[Start of Attachment]

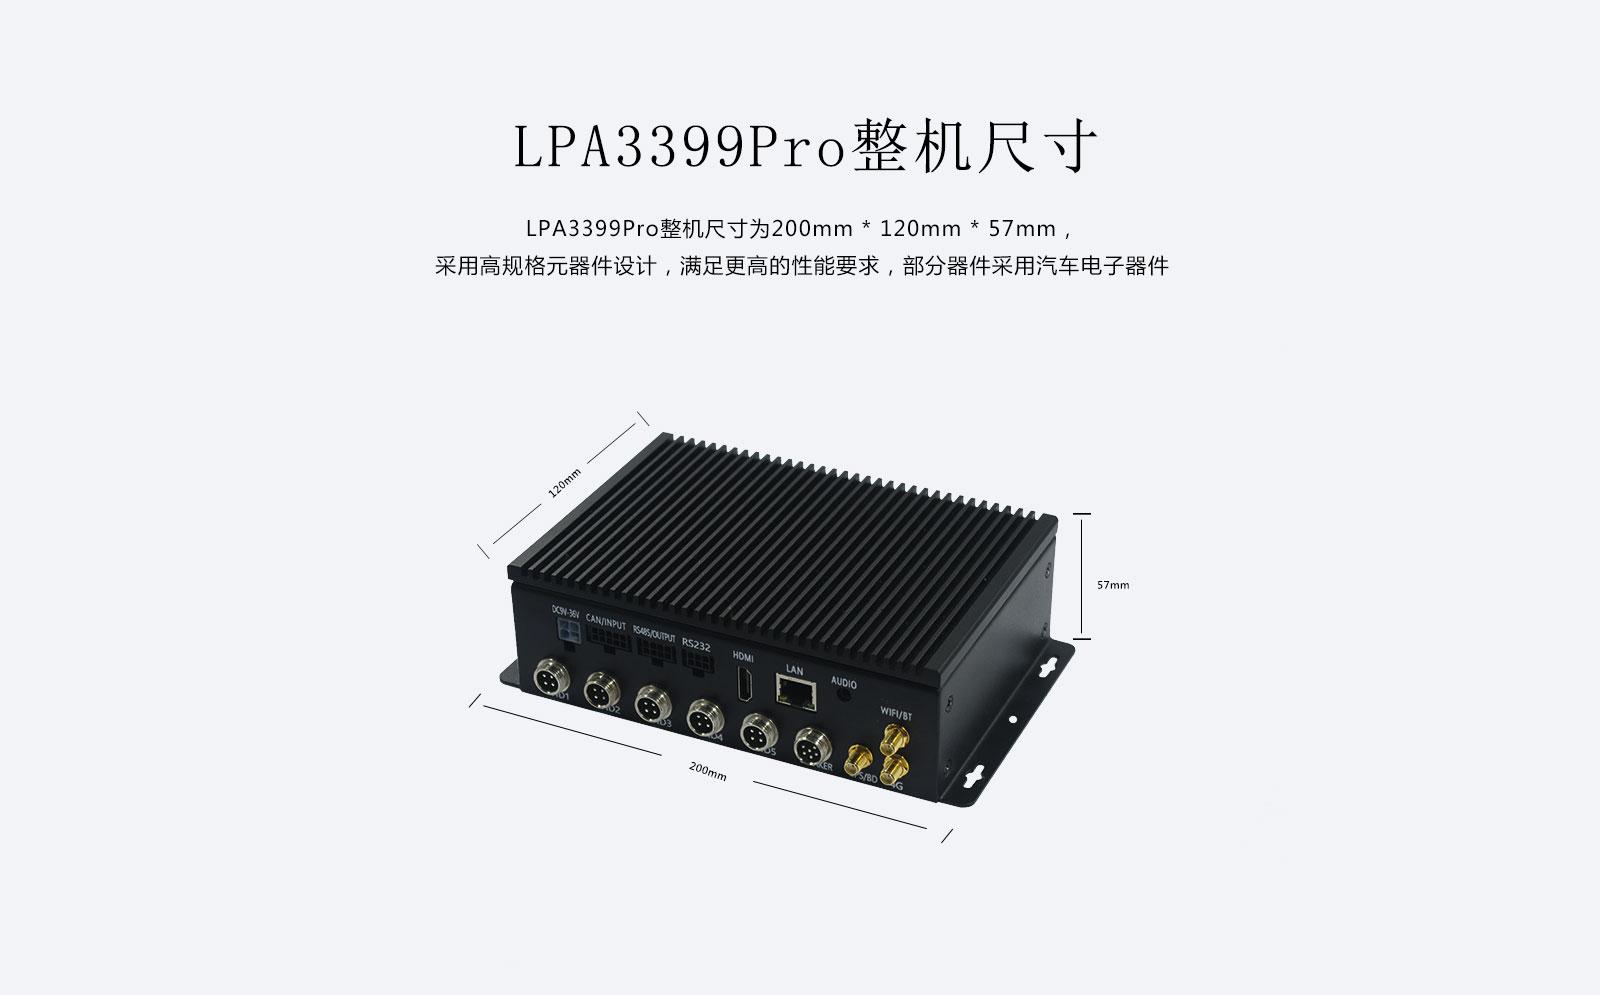 LPA3399PRO_01.jpg
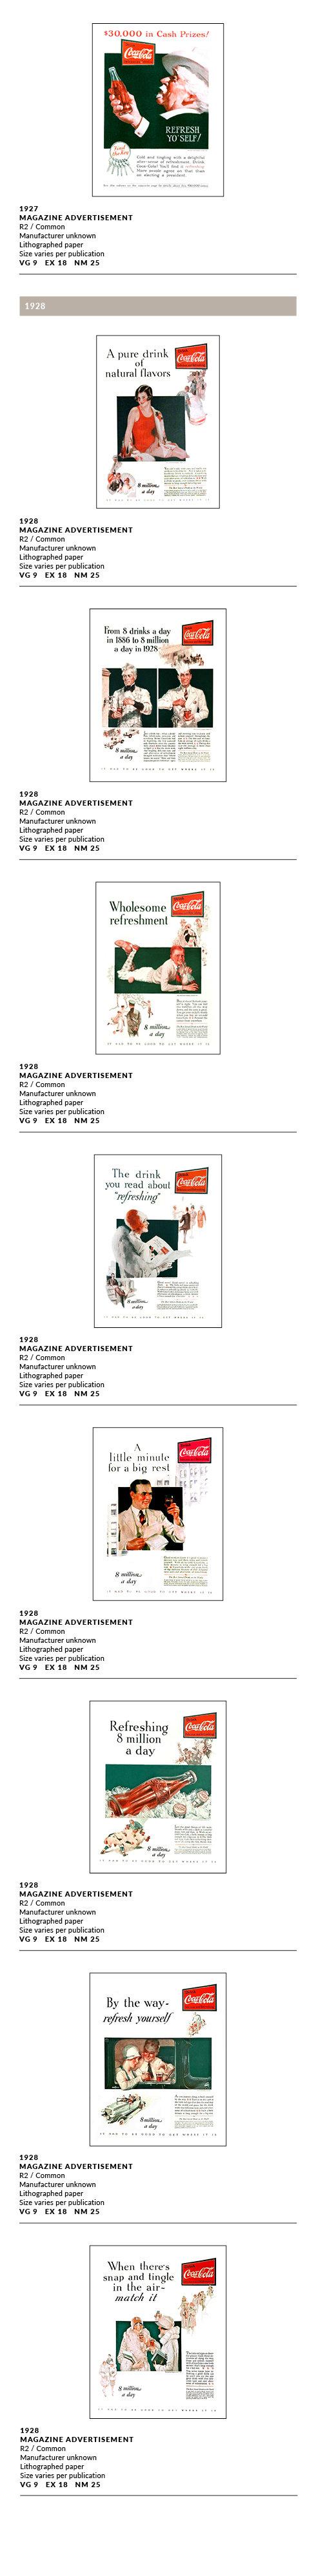 1925-29 Ads_5.jpg
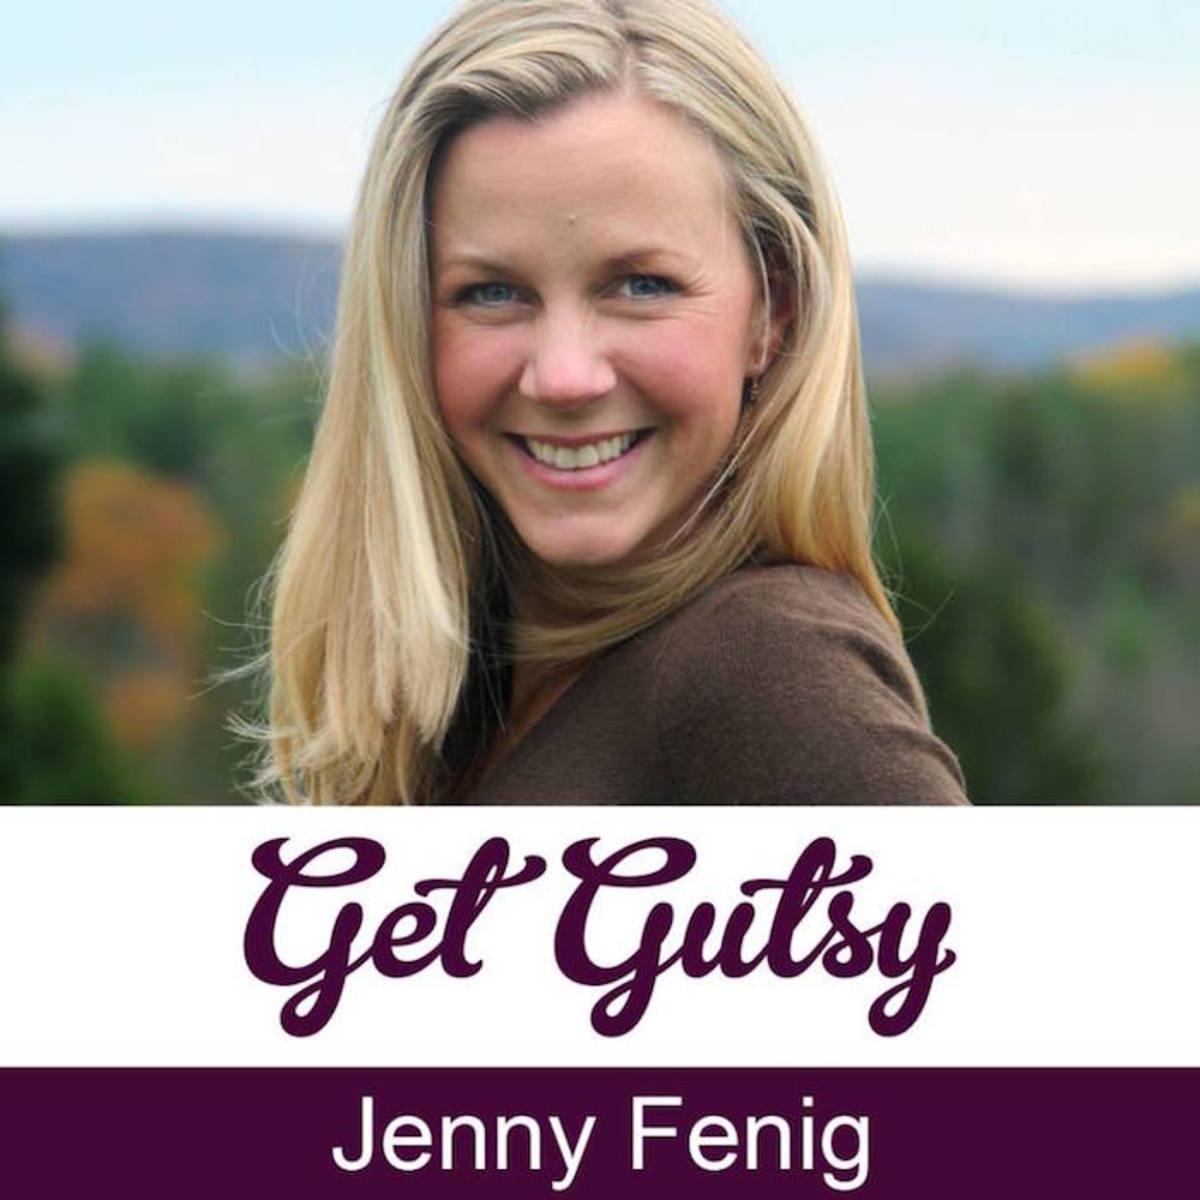 Fit Mom Profile: Jenny Fenig
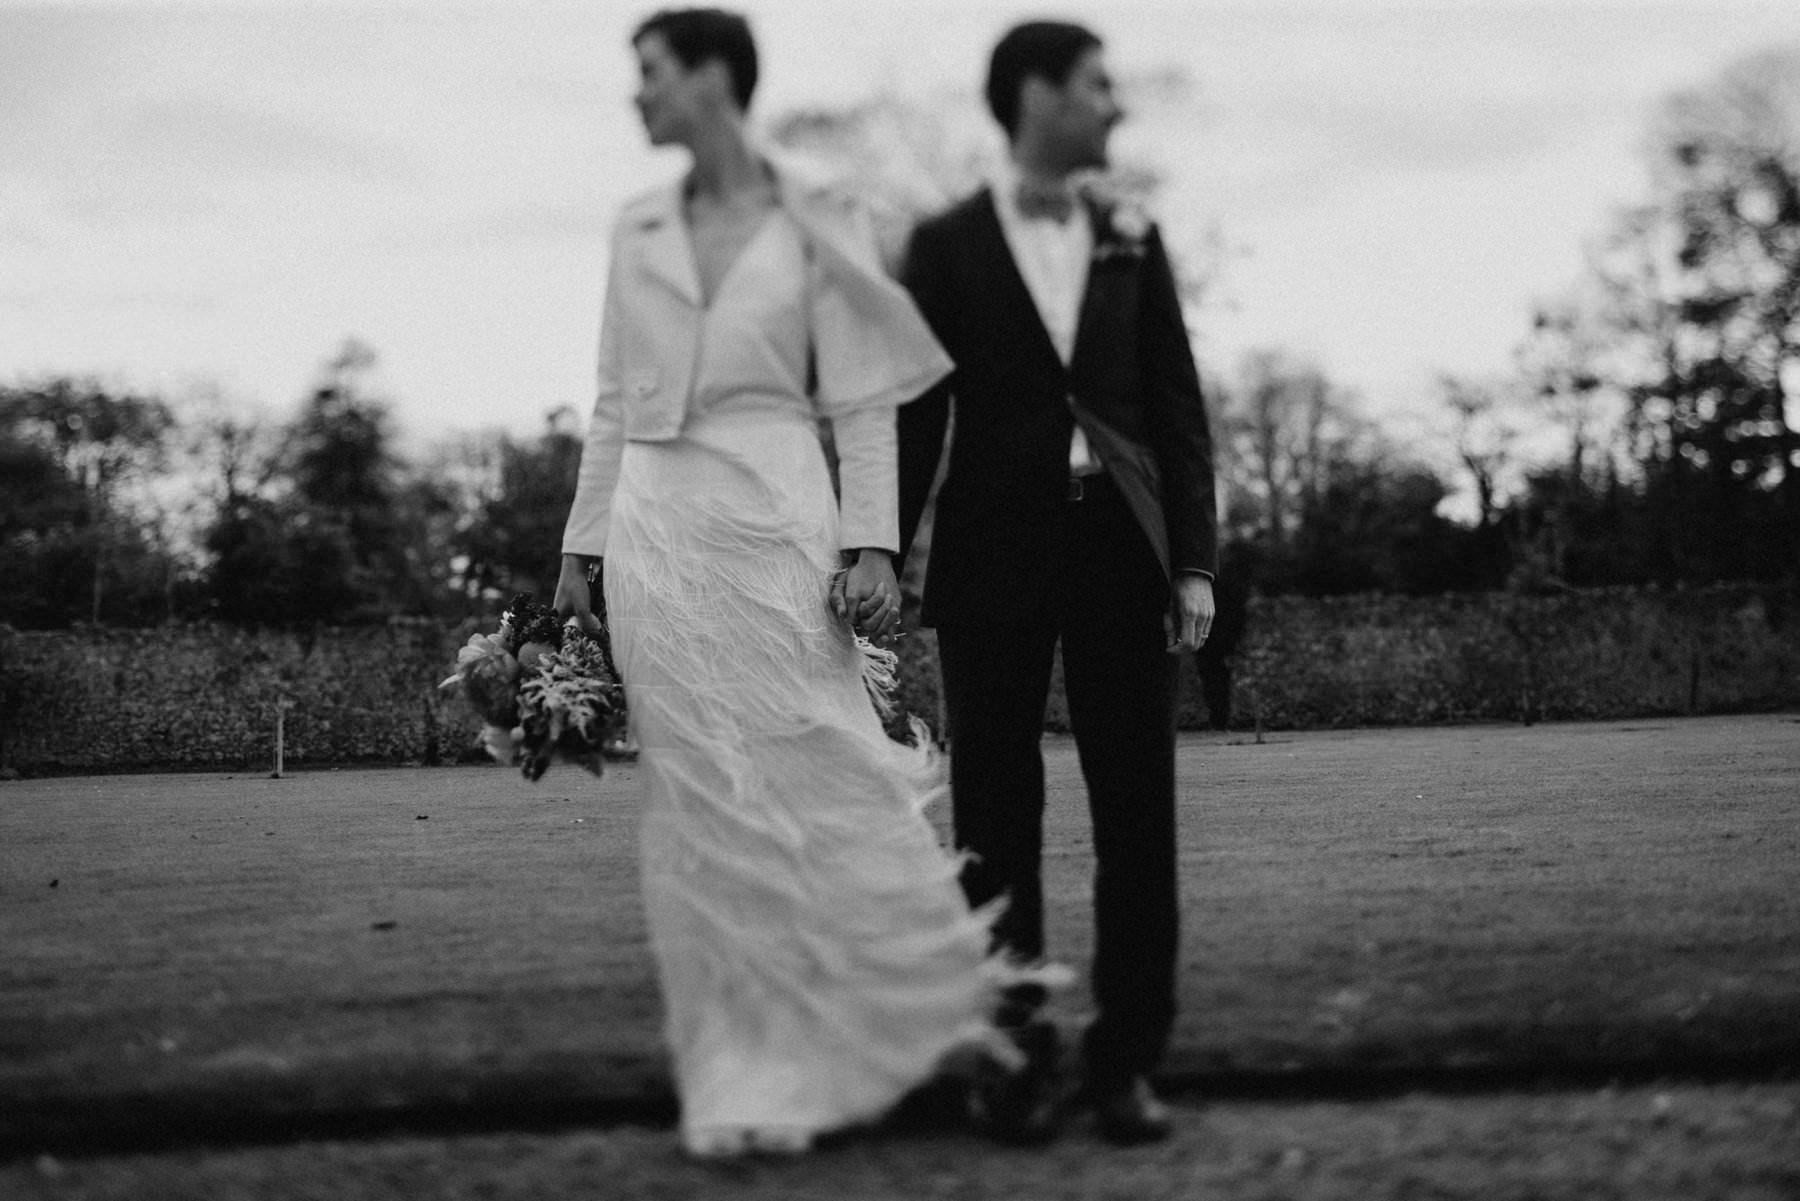 cloughjordan house wedding photography

[End of Attachment]

- _What is required_
Find the line with "Fit Mom Profile: Jenny Fenig" in the listing above, then write it out along with every later line through the last one, exactly, omitting pictures.

- _Exercise response_
 Fit Mom Profile: Jenny Fenig
 cloughjordan house wedding photography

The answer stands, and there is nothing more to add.